- _Prompt_: Would you retype the listing below word for word, without any of its pictures?

- _Data provided_:
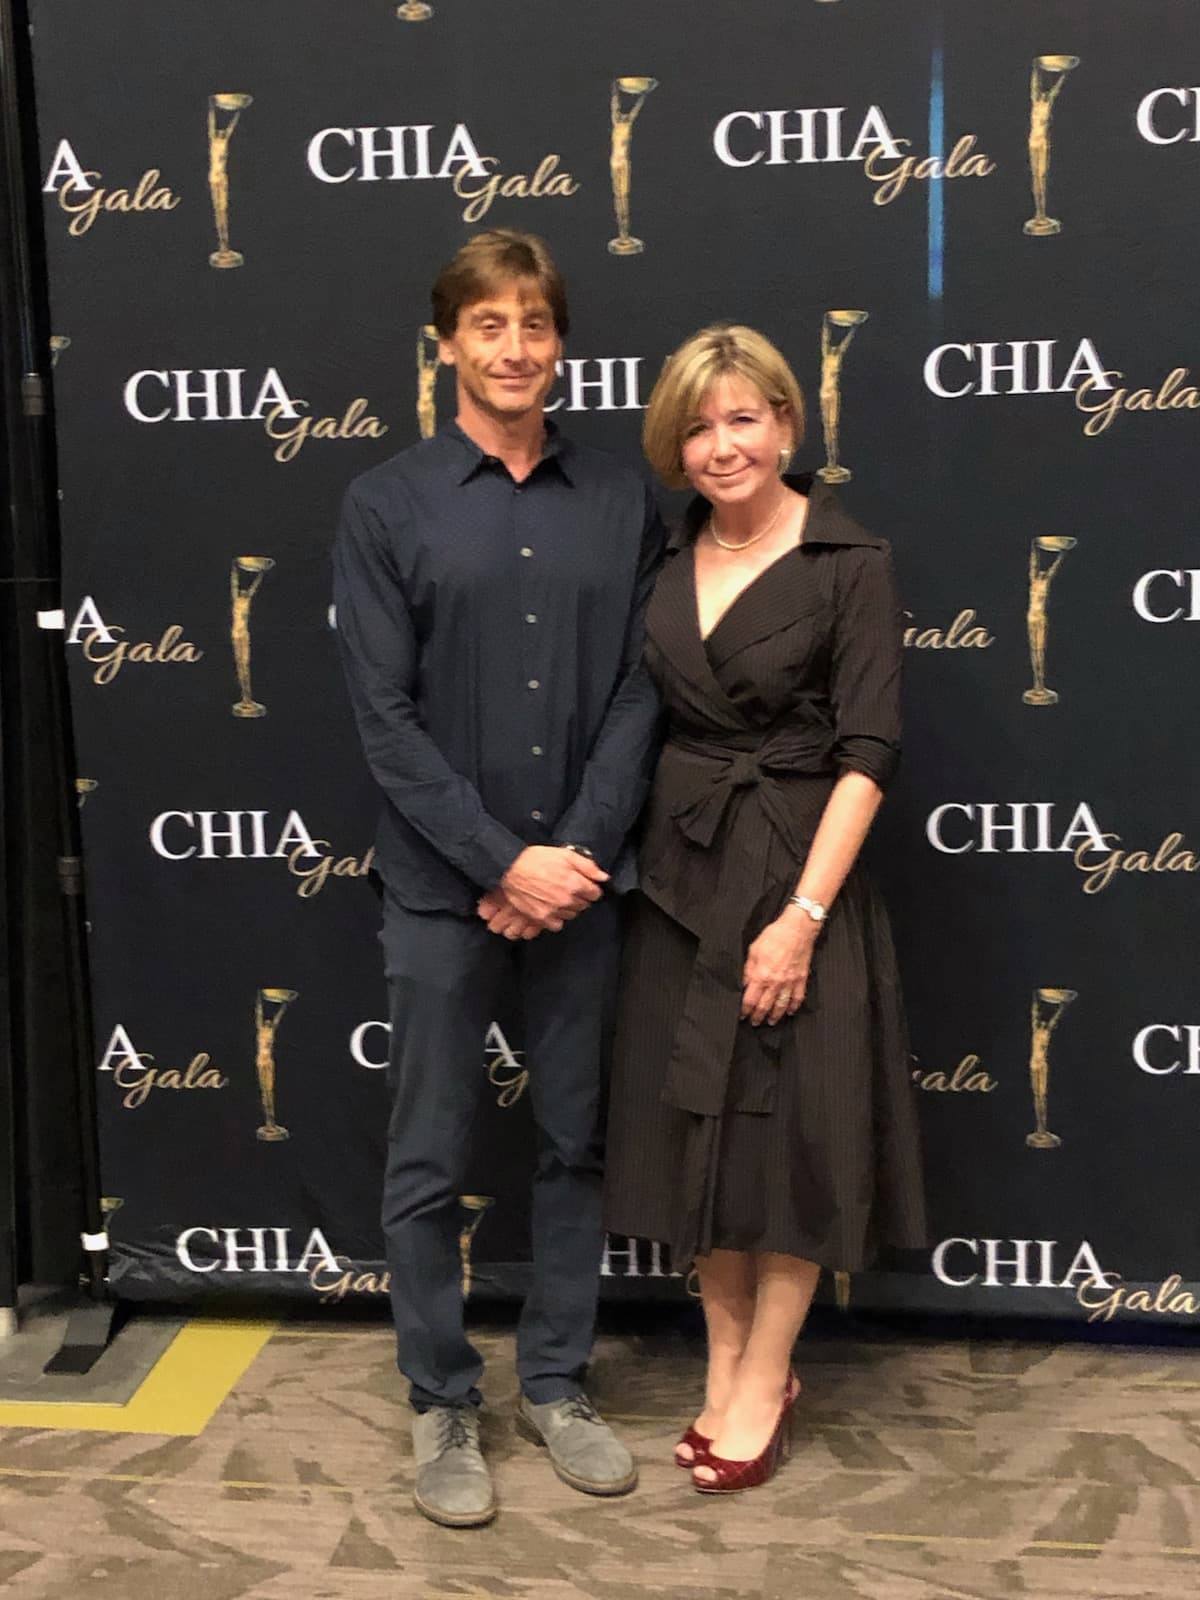 Kevin and Sarah CHIA Gala 2019
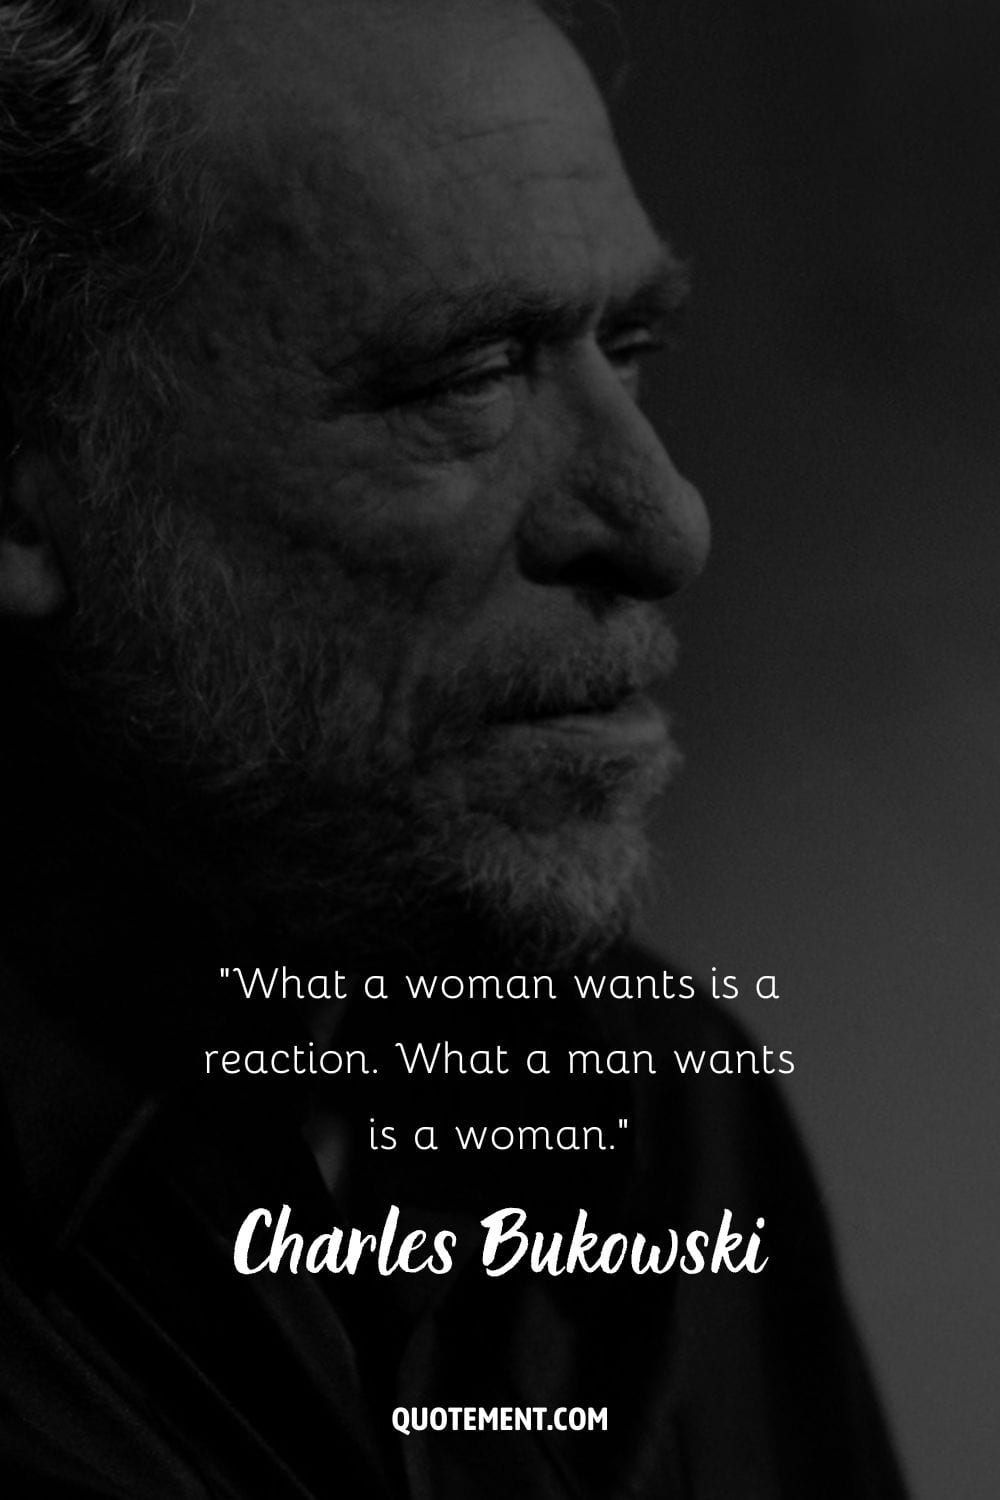 focused expression on Charles Bukowski's face
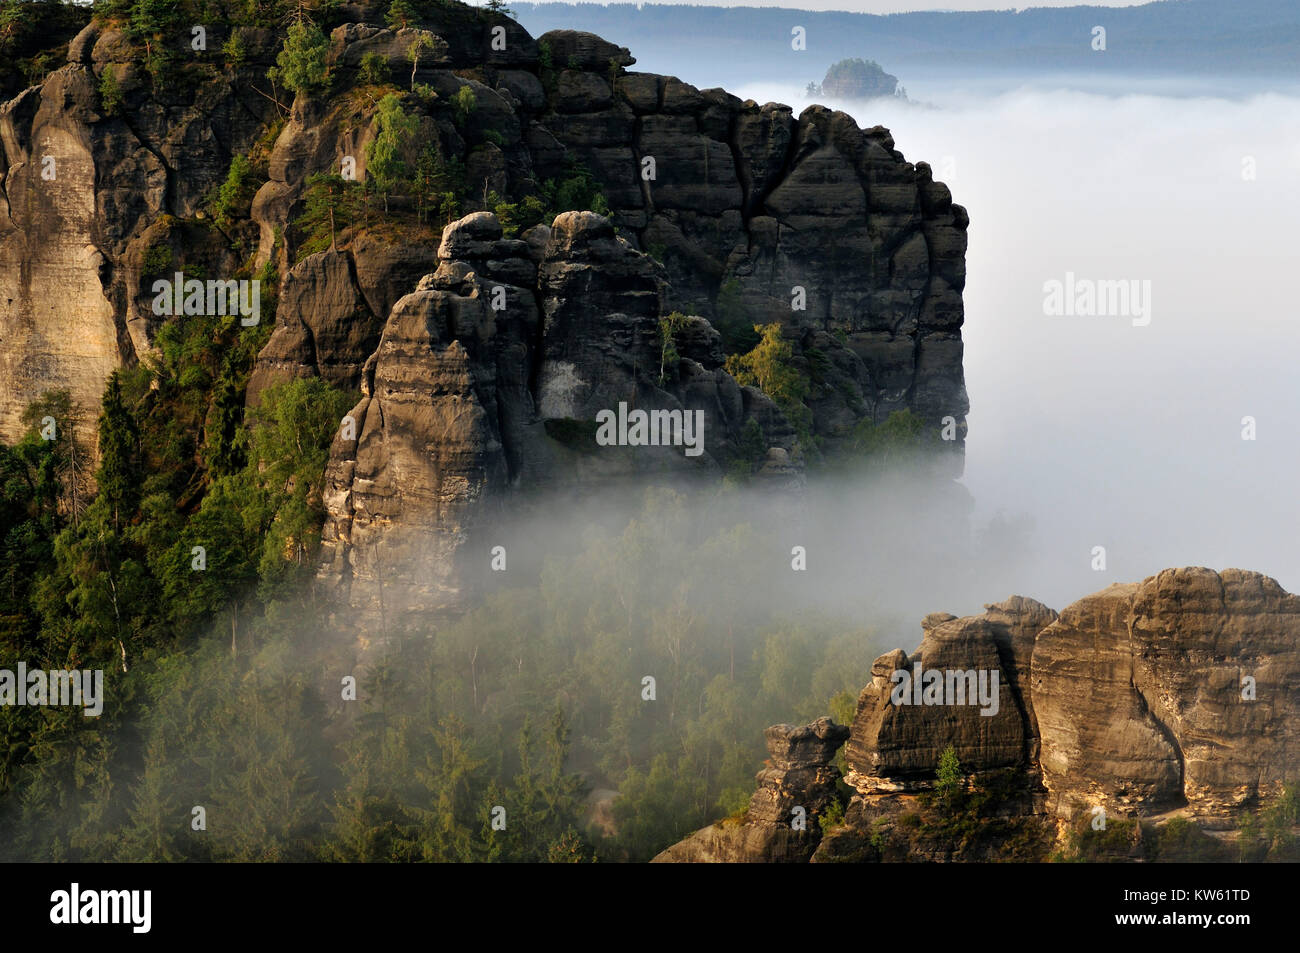 Elbsandsteingebirge, summit, peak, rock, rock, rocky, rocky, rushing stone, rock scenery, sandstone, sandstone rock, Elbsandstein, nature, nature, nat Stock Photo

- _Completed task_:
 Kevin and Sarah CHIA Gala 2019
 focused expression on Charles Bukowski's face
 Elbsandsteingebirge, summit, peak, rock, rock, rocky, rocky, rushing stone, rock scenery, sandstone, sandstone rock, Elbsandstein, nature, nature, nat Stock Photo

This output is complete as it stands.